Biological Clocks and Rhythms of Anger and Aggression

Abstract

The body's internal timekeeping system is an under-recognized but highly influential force in behaviors and emotions including anger and reactive aggression. Predictable cycles or rhythms in behavior are expressed on several different time scales such as circadian (circa diem, or approximately 24-h rhythms) and infradian (exceeding 24 h, such as monthly or seasonal cycles). The circadian timekeeping system underlying rhythmic behaviors in mammals is constituted by a network of clocks distributed throughout the brain and body, the activity of which synchronizes to a central pacemaker, or master clock. Our daily experiences with the external environment including social activity strongly influence the exact timing of this network. In the present review, we examine evidence from a number of species and propose that anger and reactive aggression interact in multiple ways with circadian clocks. Specifically, we argue that: (i) there are predictable rhythms in the expression of aggression and anger; (ii) disruptions of the normal functioning of the circadian system increase the likelihood of aggressive behaviors; and (iii) conversely, chronic expression of anger can disrupt normal rhythmic cycles of physiological activities and create conditions for pathologies such as cardiovascular disease to develop. Taken together, these observations suggest that a comprehensive perspective on anger and reactive aggression must incorporate an understanding of the role of the circadian timing system in these intense affective states.
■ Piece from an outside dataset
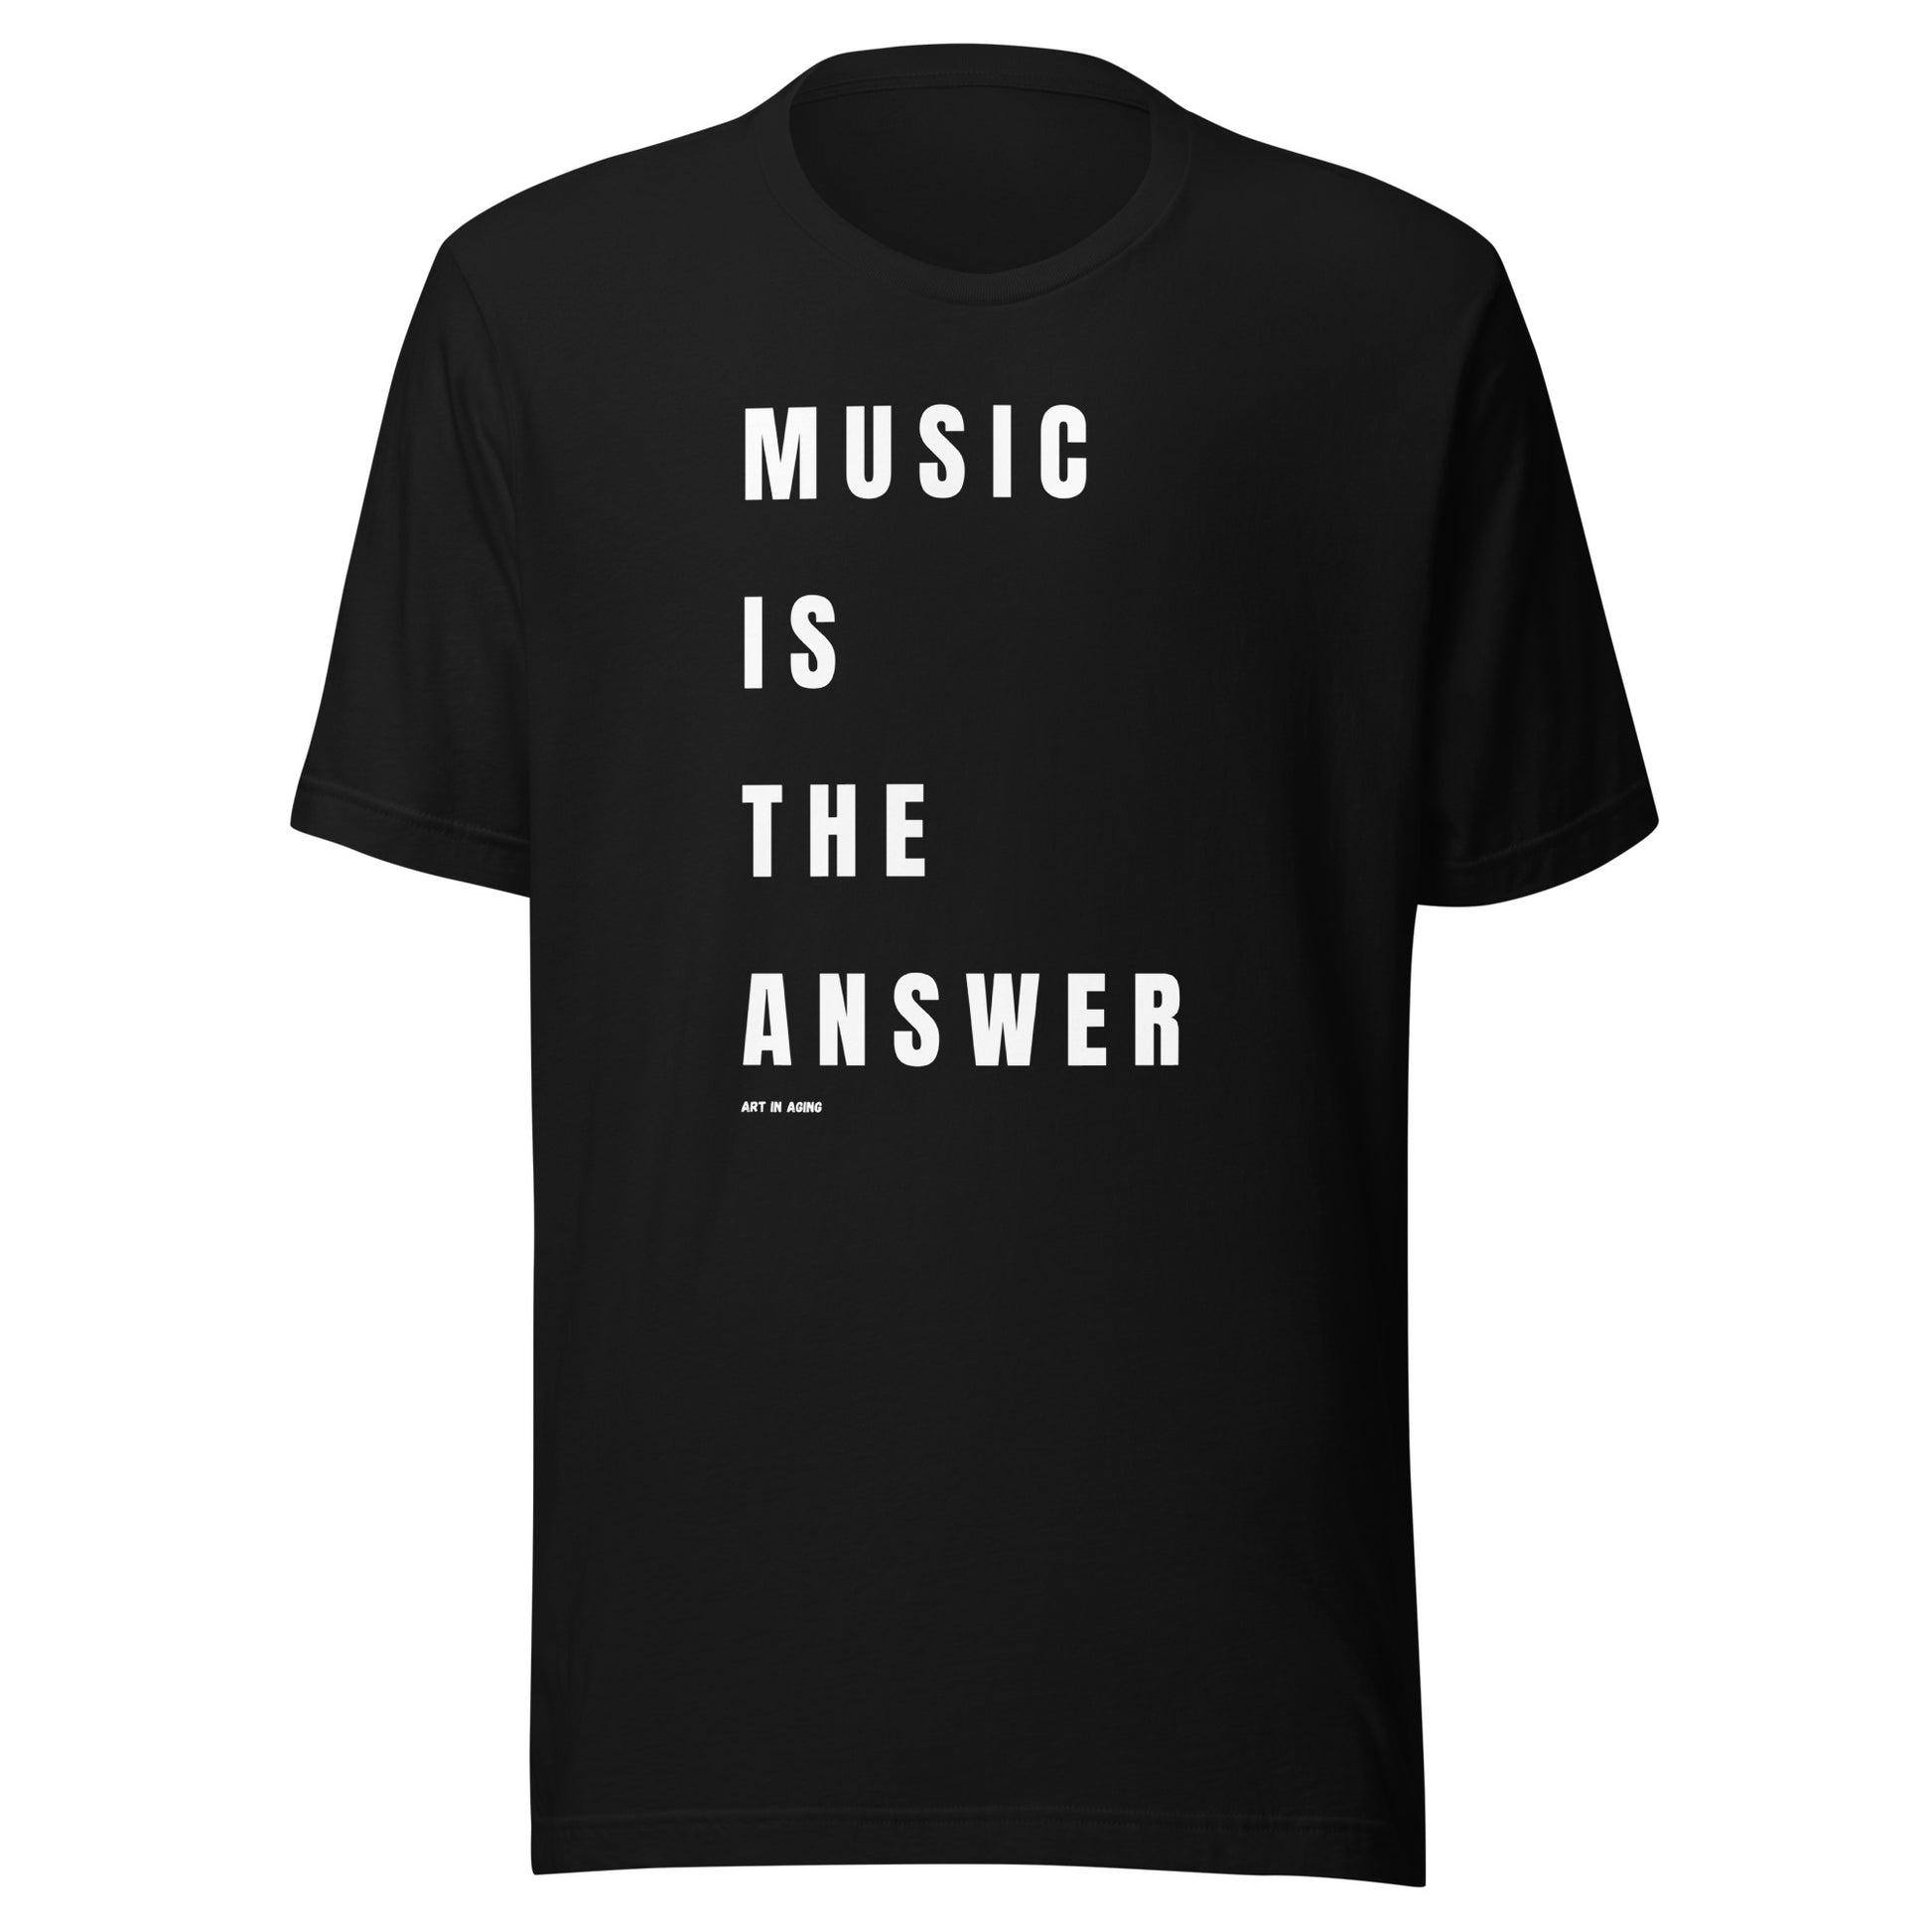 Music is the Answer T-Shirt | Art in Aging

Keywords: aggression; anger; circadian rhythm; clock genes; infradian rhythm.

Figure 1

In mammals, the circadian molecular clock comprises a group of genes (“clock genes”) that regulate their own transcription and translation in a cycle that takes approximately 24 h to complete. This regulation is carried out through a series of interlocking negative feedback loops: the transcription factors BMAL1 and CLOCK heterodimerize and promote the expression of the Period (Per1/Per2) and Cryptochrome (Cry1/Cry2) genes, the nuclear receptors retinoid-related orphan receptor (RORα) and REV-ERBα, and a number of downstream genes referred to as clock-controlled genes (CCGs) including monoamine oxidase A (mao-a), excitatory amino acid transporter (eaat) and estrogen receptor beta (ERβ). In turn, the protein products of the Per and Cry genes dimerize and inhibit the transcriptional activity of CLOCK-BMAL1. The precise timing of this process is regulated by several kinases, such as casein kinase 1 epsilon/delta (CK1ε/δ), which regulate the post-transcriptional activity of PER-CRY dimers. RORα and REV-ERBα also regulate the transcription of BMAL1, whereby RORα promotes its expression, whereas REV-ERBα inhibits it (Huang et al., ; Mohawk et al., 2012). Sirtuin-1 (sirt1) is believed to regulate this feedback loop at several levels including through promoting RORα-mediated amplification of bmal expression (Asher et al., 2008) and acetylation of bmal (Nakahata et al., 2008). Figure adapted from Hood and Amir (2017) under a Creative Commons license.

Figure 2

Overview of aggressive behaviors that have been observed to exhibit either seasonal (infradian) or daily (circadian) rhythmicity in humans or non-human species. In terms of infradian rhythms, seasonal changes in daylight length may trigger a variety of hormonal changes that alter the activity of brain structures implicated in aggression such as the ventromedial hypothalamus (VMH). For circadian rhythms, the genetic clockwork that underlies daily cycles of behavior regulates a variety of genes (CCGs, e.g., mao-a; eaat; serotonin receptors including 5htb). In turn, these genes influence the activity of neurotransmitter systems within brain networks involving structures such as the amygdala and striatum. These changes in activation patterns may increase the probability of expressing anger and hostility.